Without a hint of shame or irony, the Olympics seek to unite people of all races, nations and religions under the banner of friendly competition. Even if only temporarily and within a tightly controlled bubble, they illustrate that we can indeed all get along. In so doing, they embrace the potential for greatness in all mankind and invite us to do the same. Like some global Christmas for sports fans, the Games are an opportunity for us to let down our collective guard and be a little nicer... If only for a few weeks.
Just as they do for Christmas, cynics will bitterly insist that's an antiquated concept. They'll make the case that to "buy into" the Games is to fall for decades of ingenious marketing and jingoistic mind control. They'll make it clear that such naïveté borders on willful ignorance. If they fancy themselves intellectuals they may even throw in something about "opiates for the masses."
To them I say, isn't it time for your 3 pm Caramel Macchiato and Zoloft chaser?
However, in fairness, to some extent they're right.

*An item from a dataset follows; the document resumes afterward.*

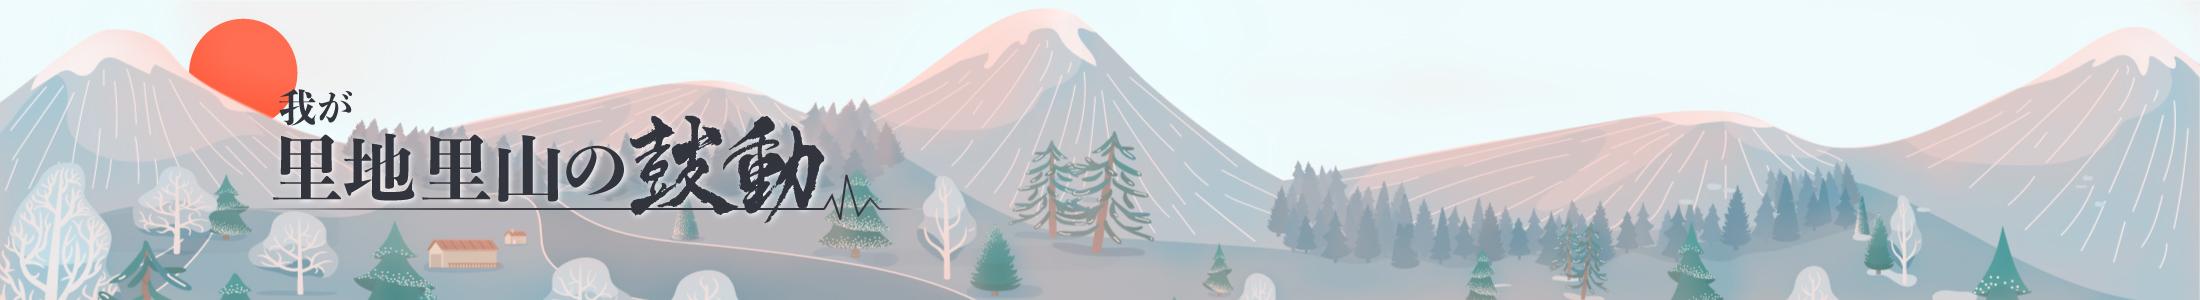 我が里地里山の鼓動イメージ

One need look no further than Hitler's use of the games as a Nazi proving ground or McDonald's attempts at correlating gold medals with Big Macs to see it. Except the fact that both of those live on as spectacular examples of how NOT to use the Olympics only proves my point.
The Olympic torch is a beacon that draws us out of the egotism and drudgery of our daily pursuits toward something transcendent. At their root, the appeal of the Games is the timeless appeal to our own better natures. Be it through the poise of the young Polish woman who sacrifices a normal life to win bronze in an event nobody will watch or in the daily sacrifices of a stay at home dad, an occasional reminder is needed that money isn't the sole measure of fortune and there's a major difference between fame and glory. The Olympics recognize... No, celebrate those distinctions.